Uncovering Football’s Best Goalscorers in the English Premier League, La Liga, Serie A, Bundesliga, Eredivisie, and Ligue 1 for the 2009-2010 Season

by Joel Oberstone

Who are the best goalscorers in football? This paper examines the 20 leading goal scorers in each of the six top leagues in Europe and explores if it reasonable to assume that the best performance should be based solely on the single figure of merit of the number of goals scored during a season. Methodologies are developed that allow an accurate comparison between a player in one league, where the average number of goals scored may be significantly more than those of a player from a less prodigious league, as well as account for the discrepancy of the 34 game season in the Bundesliga and Eredivisie as compared to the English Premier, La Liga, Serie A, and Ligue 1 leagues that play 38. Secondly, an expanded approach using a set of multiple factors that considers a player’s contribution to overall team scoring is developed and determines if any of the measures in this array (1) make statistically significant contributions to the primary factor of individual goal scoring and (2) possibly provides a broader, yet more useful perspective of a player as goalscorer.
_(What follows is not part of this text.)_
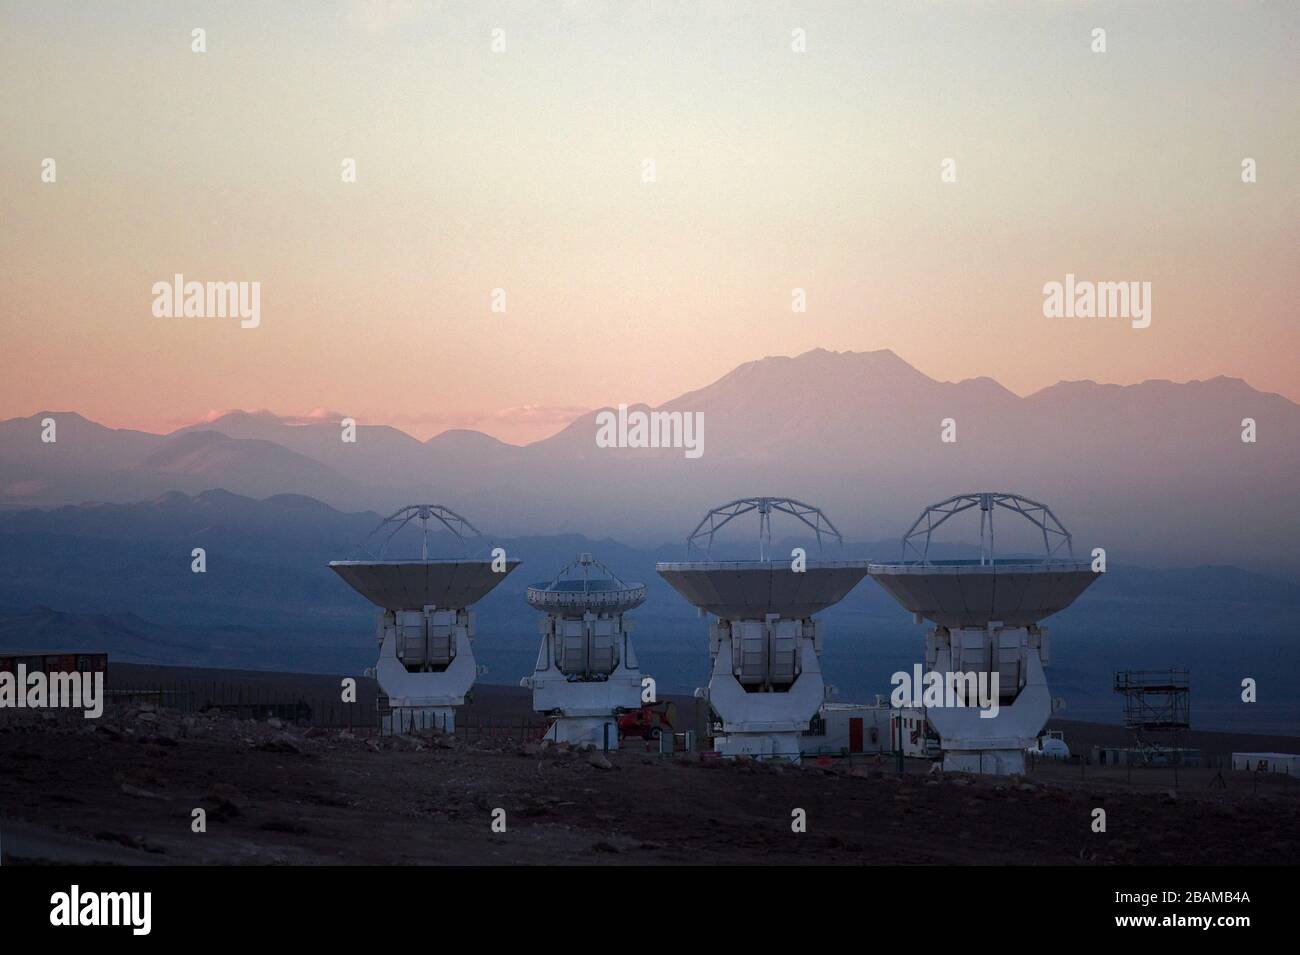 vervagen roze Preek English: Four large antennas for the Atacama Large Millimeter/submillimeter  Array (ALMA) thrust to the sky at the Operations Support Facility (OSF),  2900 m above sea level. ALMA is the largest ground-based astronomy

An Empirical NFL Draft Value Chart

by Michael Schuckers

Each year the National Football League (NFL) holds an annual draft to assign eligible players to each of the league's teams. The order of selections is based upon a team's previous performance and trades of these selections. The current NFL Draft Value Chart is one way to assess the value of a given selection and the equivalency of trade value for these selections. Recently, Massey and Thaler (2010) wrote about the market inefficiencies of the NFL draft in terms of the Draft Value Chart and player salaries. In this paper we look at the value of a particular draft selection based upon measures of player performance rather than based upon market value. Using a loess regression approach applied to the response metrics, games played and games started, we derive a new draft value chart based upon player performance.

Poster Presentations

The Ratio of Relative Importance: What Dictates Play in the NFL? A Look at the Importance of Offense, Defense, and Special Teams

by Keith Goldner

Over the past three years, there have been almost 18,000 drives during NFL games. During each drive, one team’s offense is on the field while the other team’s defense plays—with special teams peppered throughout the drives on individual plays. Using an efficiency metric of Net Expected Points, we look at the relative importance of offense, defense, and special teams to determine what dictates play in the NFL. In addition, we develop a method to better understand our efficiency metric.
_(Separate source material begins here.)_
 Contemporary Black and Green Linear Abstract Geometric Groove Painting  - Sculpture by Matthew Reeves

Semi-Automated Collection of Pitch Location and Intent in Baseball

by Andrew Klein and Andrew C. Thomas

An analysis of the pitcher's intent in baseball should ideally depend upon information given by the catcher before the pitch is thrown. Expert judgment has already identified the importance of this factor (e.g. the pitcher is "missing his spots" when unsuccessful in hitting the target). We describe the underpinnings of an automated video analysis system that uses semi-supervised learning methods to identify the catcher position — specifically, the catcher's glove position. The analysis begins with video of a single pitch, supervised by a human controller; this information is then incorporated into one of a selection of learning algorithms and applied to subsequent pitches with minimal involvement from the controller. This is designed to be the first step in creating a public database of pitch intent, to be coupled with existing sources of pitch physics, so that analysts may better evaluate pitcher performance.
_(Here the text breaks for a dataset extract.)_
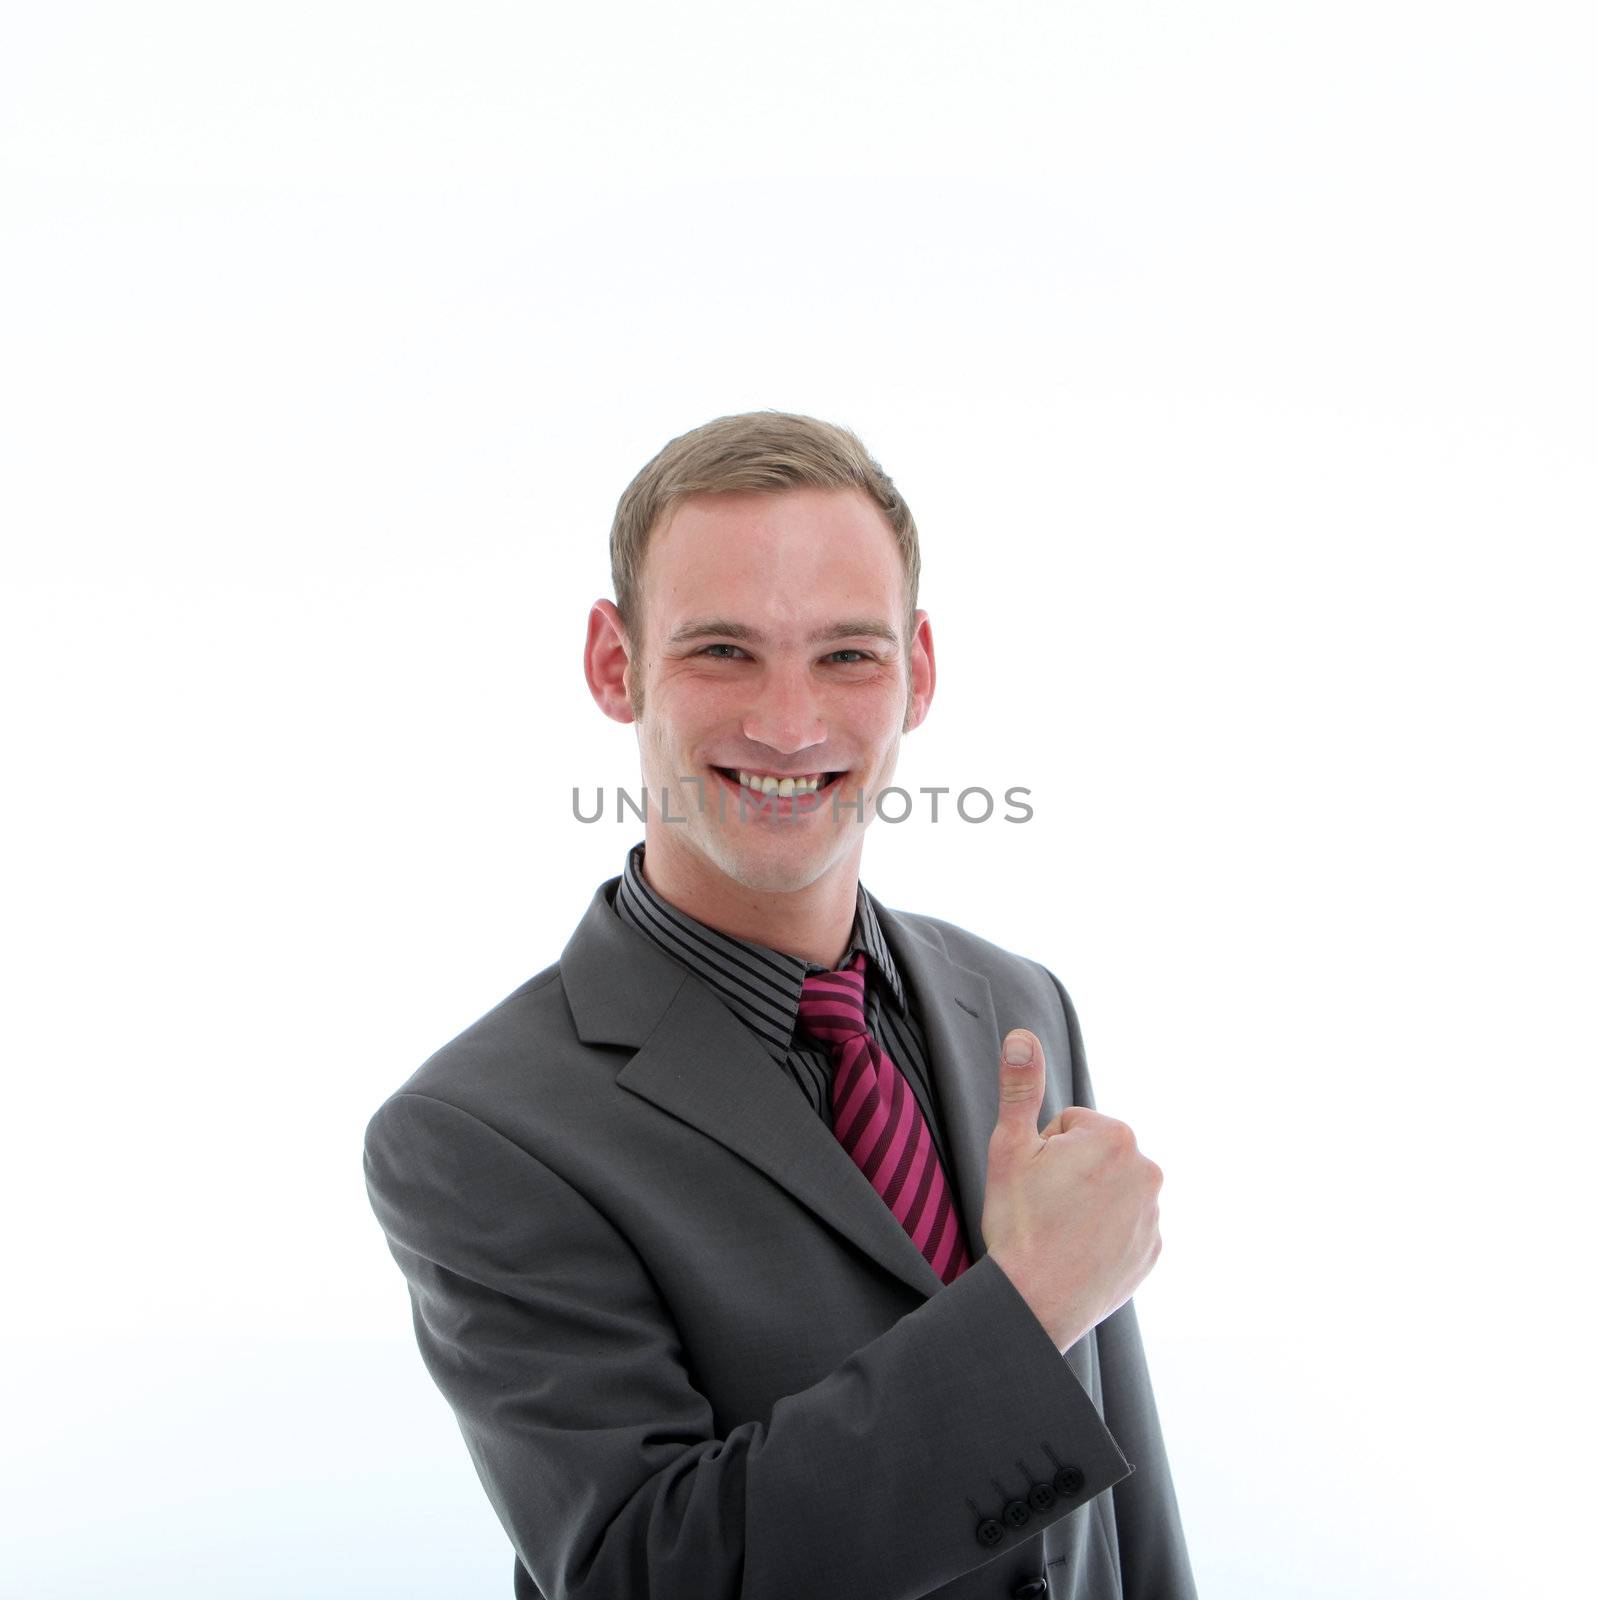 Handsome confident businessman with a broad grin giving a thumbs up gesture of success isolated on white

On the Extension of the Pythagorean Expectation for Association Football

by Howard Hamilton

The Pythagorean expectation originates from baseball analytics research and uses
offensive and defensive scoring statistics to evaluate team performance relative
to statistical expectations. This research presents an extension of the Pythag-
orean expectation to league competitions in association football. The principal
extensions are the calculation of the probability of a drawn result, the reformul-
ation of the probability of an outright win, and the use of expected points instead
of wins. The extended Pythagorean is applied to professional soccer leagues in
Europe, Asia, and North America, and is shown to predict very well the number of
points won in a league competition from the offensive and defensive goal statistics
of each team. The results across the leagues examined indicate the existence of a universal Pythagorean exponent that describes the shape of the goal distributions. The research study concludes with a study of the effects of expected goal values and the variance of a team's scoring distribution on the accuracy of the Pythagorean expectation.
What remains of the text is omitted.